Submitted by: Dr. Amali Lokugamage
Sir William Osler’s (1849-1919) Canadian physician and one of the four founding professors of John Hopkins Hospital had a famous quote which resonates with most clinical educators, their learners and, intuitively, patients alike: ‘for the junior student in medicine and surgery, it is a safe rule to have no teaching without a patient for a text, and the best teaching is that taught by the patient himself.’ (Osler, 1904)
Looking to present time this quote is a good pointer to new developments in medical education from The Health foundations Report in 2011 called Can patients be teachers? Involving patients and service users in healthcare professionals’ education says ‘Besides changes in patients’ expectations, there is now a greater appreciation about the environmental, social and psychological determinants and consequences of ill health, and about healthcare treatments. There is a need, especially in medicine, for new models to guide clinical practice. These have included the bio-psycho-social model (Engel, 1989), patient-centredness (Stewart et al., 2003), shared decision making (Coulter, 2009), and, most recently, and radically, self care (the Health Foundation, 2008). All put the patient’s experience, perspective and priorities at the centre – or, in the case of ‘self care’, in the driving seat.’

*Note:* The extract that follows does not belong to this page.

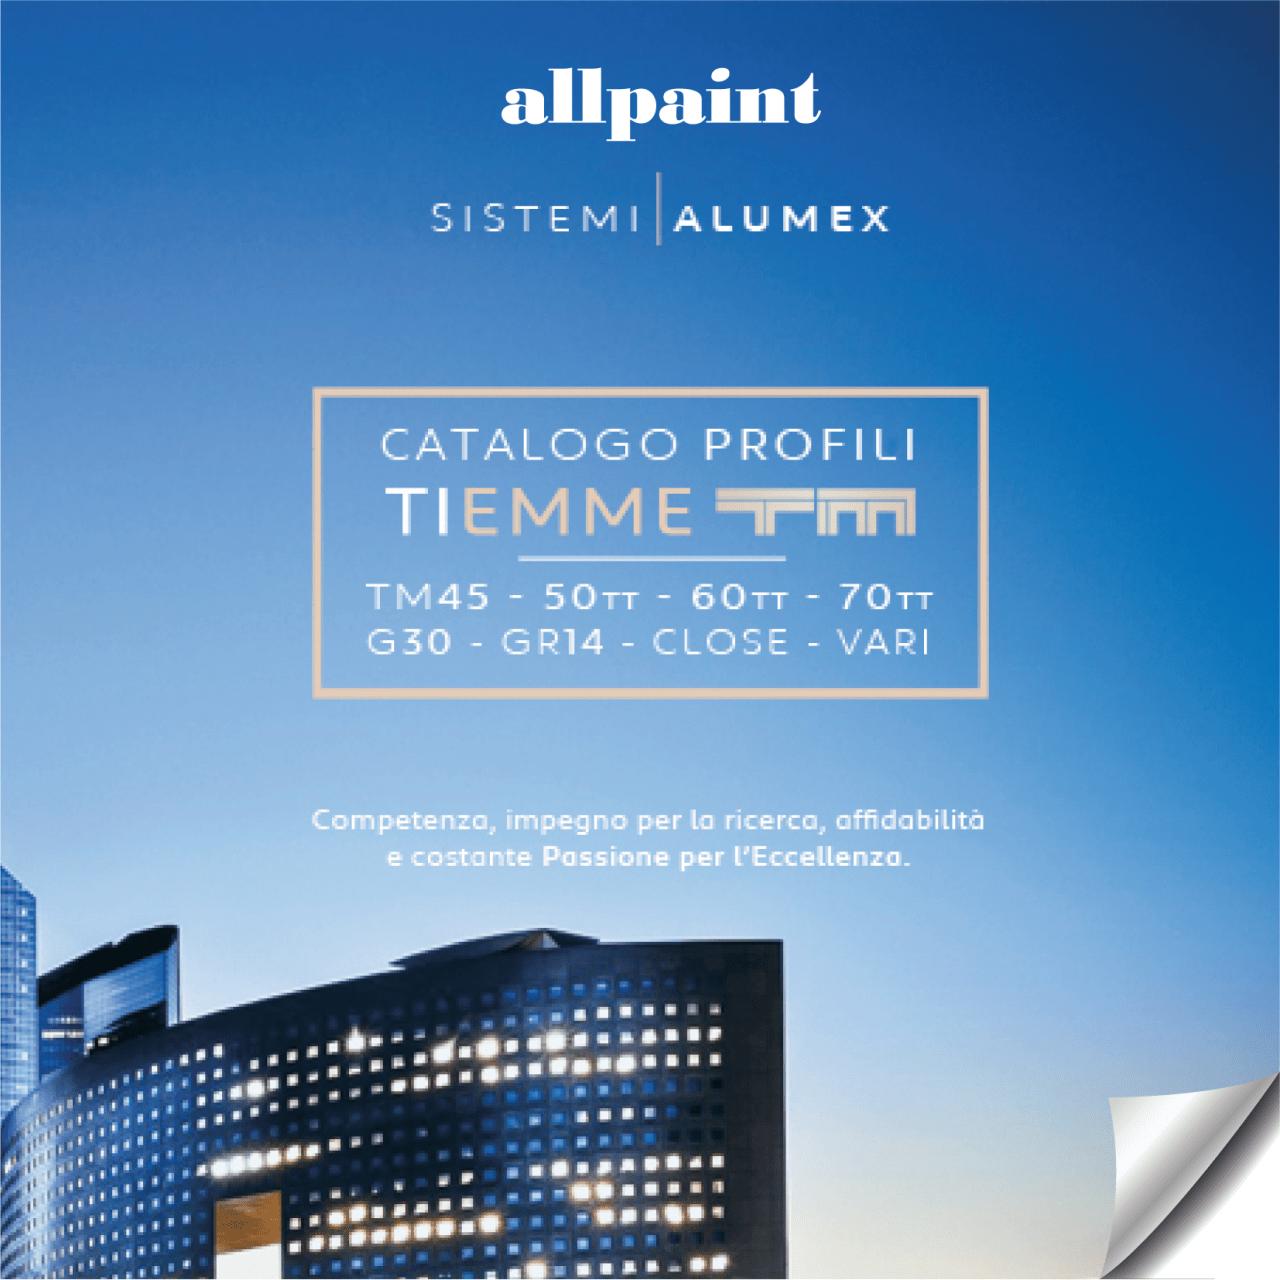 https://www.allpaint.it/wp-content/uploads/2021/08/TIEMME-ALLPAINT-1280x1280.png
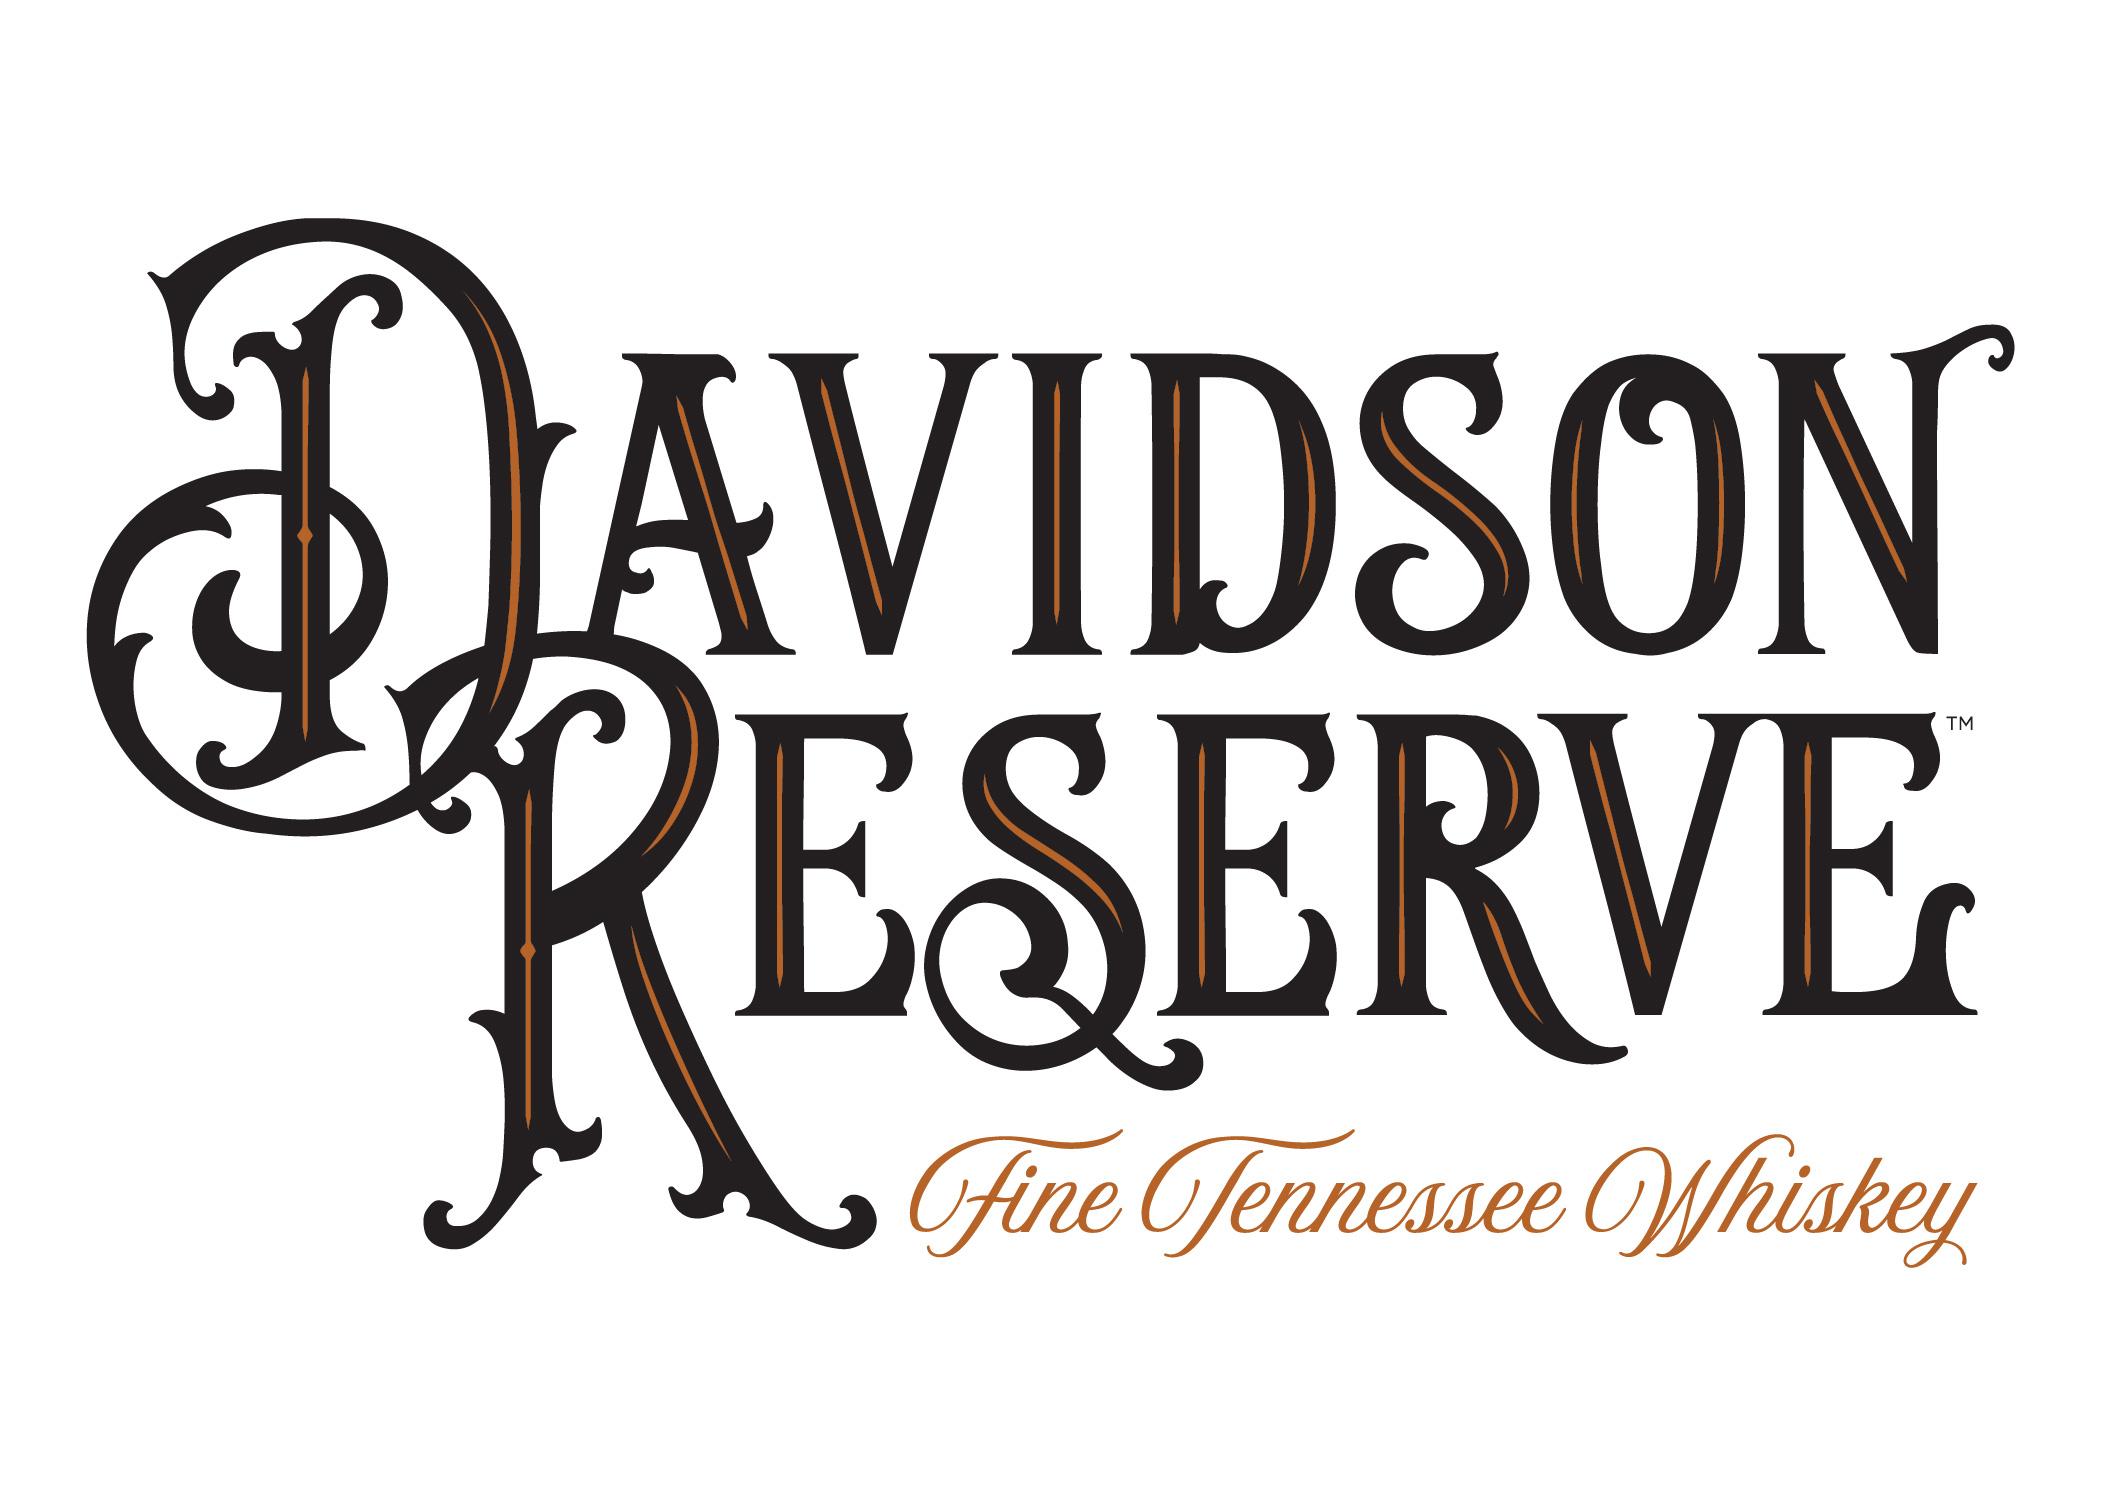 Davidson ReserveFTW-07.jpg

The University that I teach at, University College London has incorporated patient pathways in the medical school syllabus to allow medical students to see the patient’s journey in the healthcare system through the patient’s eyes. We want the medical student to accompany patients on their journey in seeking healthcare to the clinic appointments, to the wards and also to their home. We want them to hear the perspective of patient’s, such as how they felt they were treated by the clinic receptionist, how it felt to receive the results of medical investigations, what it feels like receiving information from doctors, nurses or midwives. We have a well established cancer pathway and have more recently developed a maternity patient pathway. The students will be assessed in the maternity pathway by a letter that they write to the woman about what they learnt from accompanying them on their journey. We hope that this experience will open the eyes of students to the intangible aspects of healthcare such as compassion, empathy, respect for autonomy and how the absence of these qualities affect healthcare users.
When I was a medical student studying obstetrics in 1989 there were a lot more normal births and I was able to see a fairly good spectrum of types of birth. It was mandatory for us at the time to observe 10 normal births and then also attend 10 normal births. We were also required in addition to see caesareans and instrumental deliveries during an 8 week attachment. However the present day 8 week medical student attachment there is also the requirement to study not only obstetrics and gynaecology but also have days with the surgical breast team and study urological men’s health. There are also far less normal births happening and now it seems that medical students before they qualify may only be able to observe and perhaps not conduct 1 to 3 normal births. So opportunities to see normal birth have drastically reduced in medical training. Purely physiological births, birth centre or home birth as rare and ecstatic births usually are never heard of. Maternity care is the only speciality within medicine that doctors are immersed in physiological health as well as ill health, so medics are required to stretch to their paradigm of health delivery to not just dealing with pathology but to extend it to maintaining health. This is often a hard stretch as we are so used to dealing with just illness.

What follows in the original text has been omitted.